Semi-natural habitats (SNHs) are becoming increasingly scarce in modern agricultural landscapes. This may reduce natural ecosystem services such as pest control with its putatively positive effect on crop production. In agreement with other studies, we recently reported wheat yield reductions at field borders which were linked to the type of SNH and the distance to the border. In this experimental landscape-wide study, we asked whether these yield losses have a biotic origin while analyzing fungal seed and fungal leaf pathogens, herbivory of cereal leaf beetles, and weed cover as hypothesized mediators between SNHs and yield. We established experimental winter wheat plots of a single variety within conventionally managed wheat fields at fixed distances either to a hedgerow or to an in-field kettle hole. For each plot, we recorded the fungal infection rate on seeds, fungal infection and herbivory rates on leaves, and weed cover. Using several generalized linear mixed-effects models as well as a structural equation model, we tested the effects of SNHs at a field scale (SNH type and distance to SNH) and at a landscape scale (percentage and diversity of SNHs within a 1000-m radius).
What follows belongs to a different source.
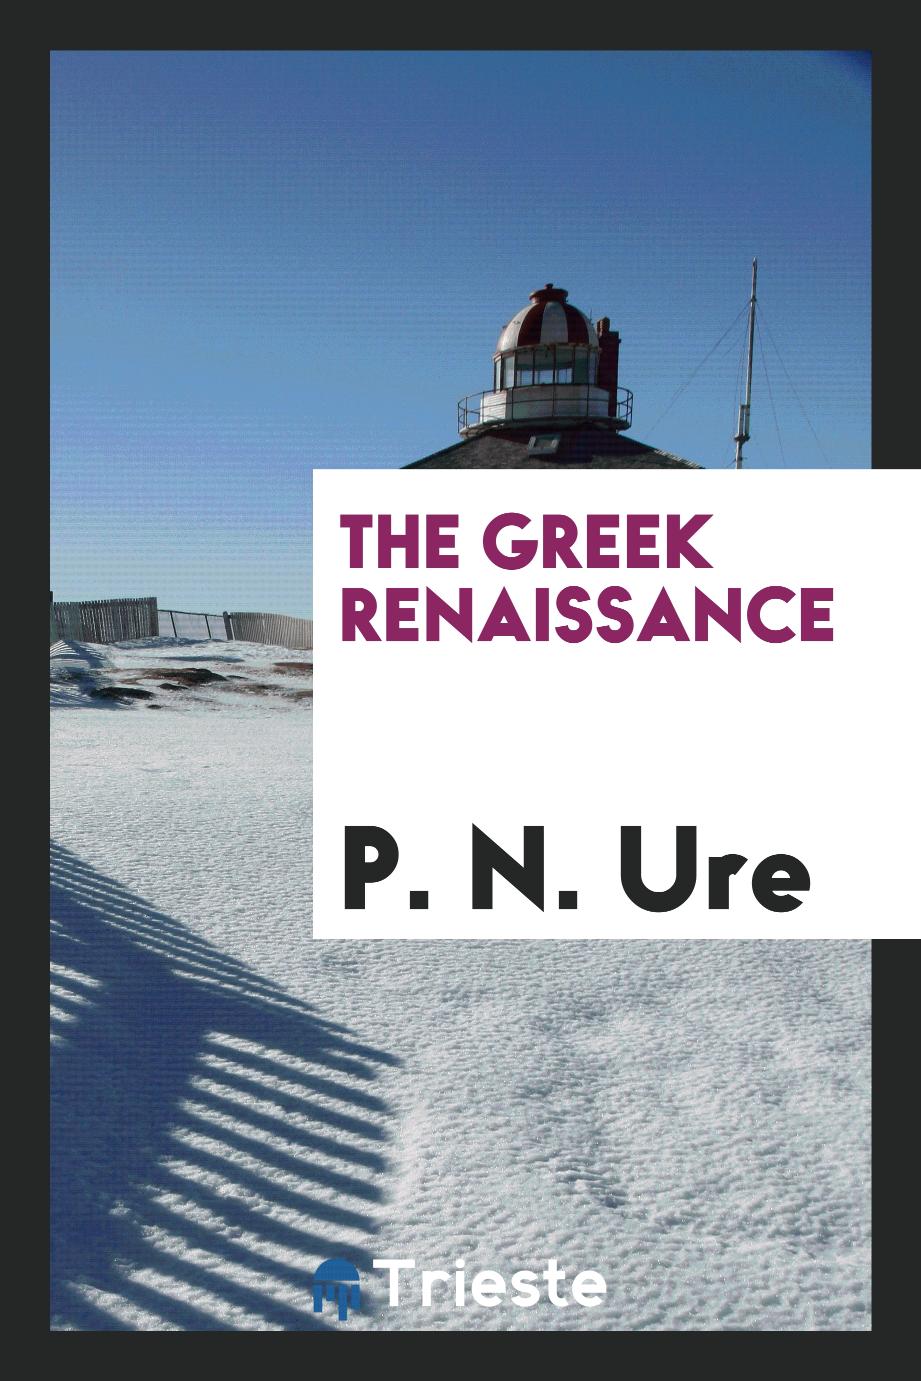 The Greek renaissance
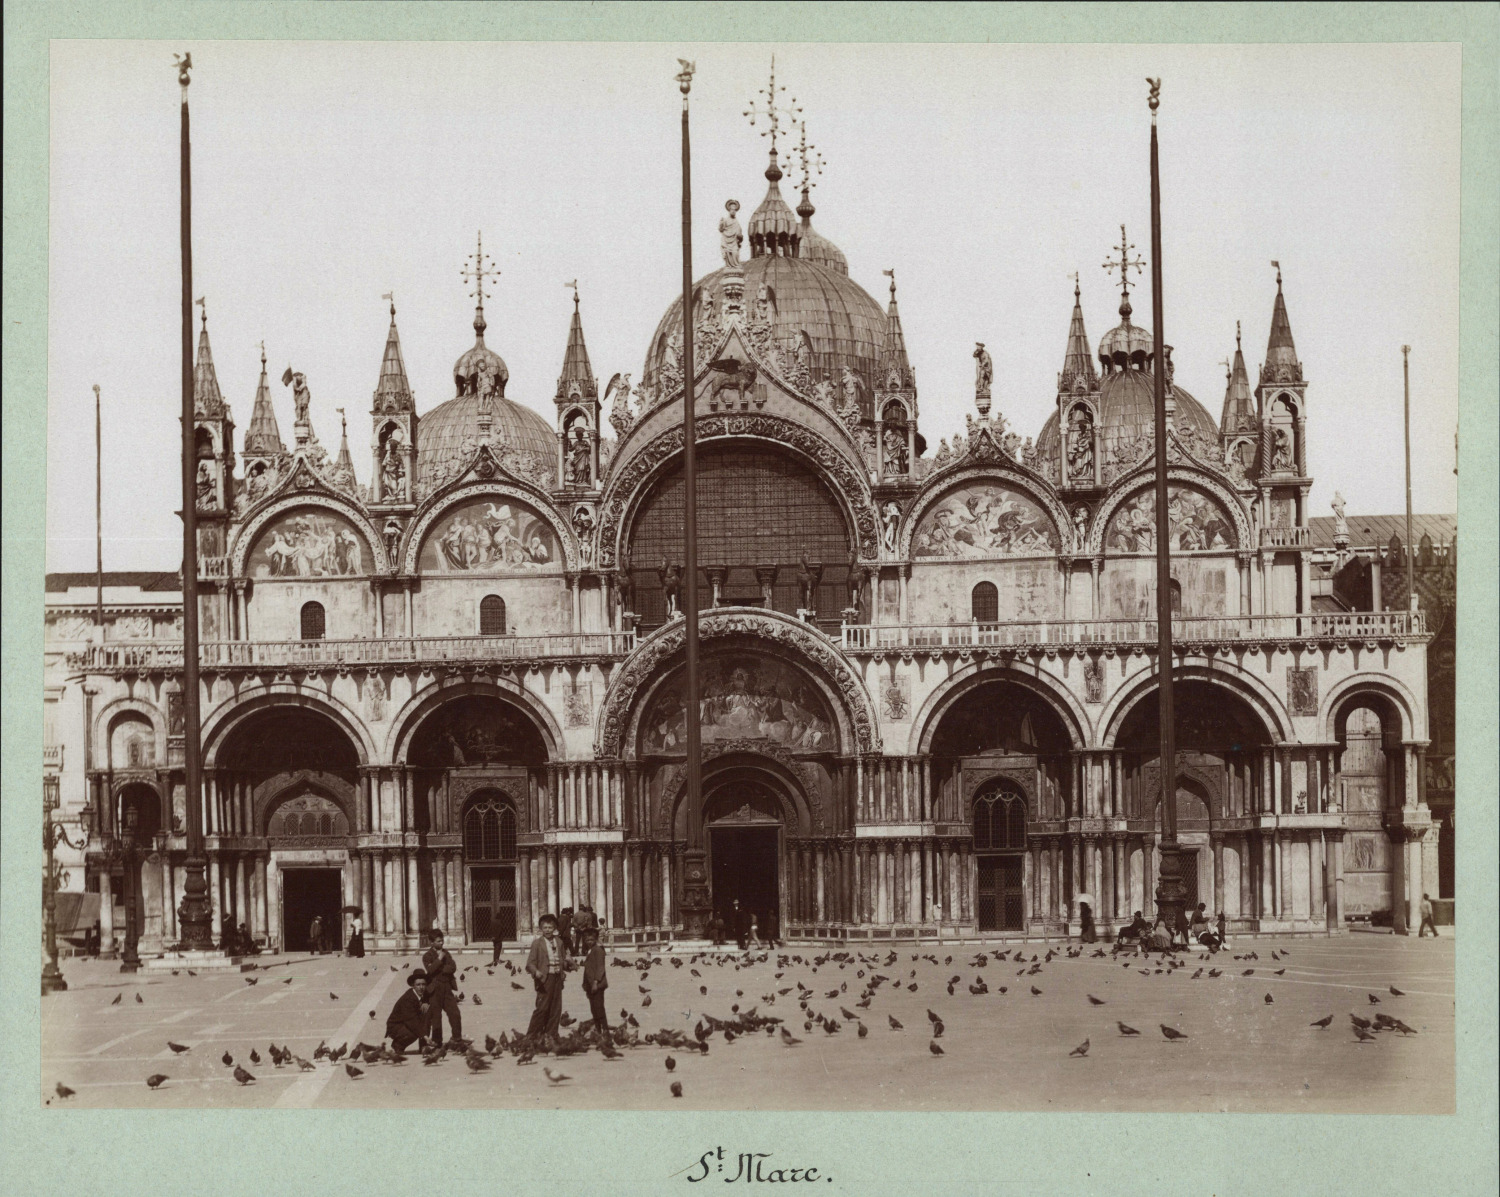 Italy, Venice, St. Mark's Basilica, ca.1880, vintage print vintage print vintage print, le

In the dry year of 2016, we detected one putative biotic culprit: Weed cover was negatively associated with yield values at a 1-m and 5-m distance from the field border with a SNH. None of the fungal and insect pests, however, significantly affected yield, neither solely nor depending on type of or distance to a SNH. However, the pest groups themselves responded differently to SNH at the field scale and at the landscape scale. Our findings highlight that crop losses at field borders may be caused by biotic culprits; however, their negative impact seems weak and is putatively reduced by conventional farming practices.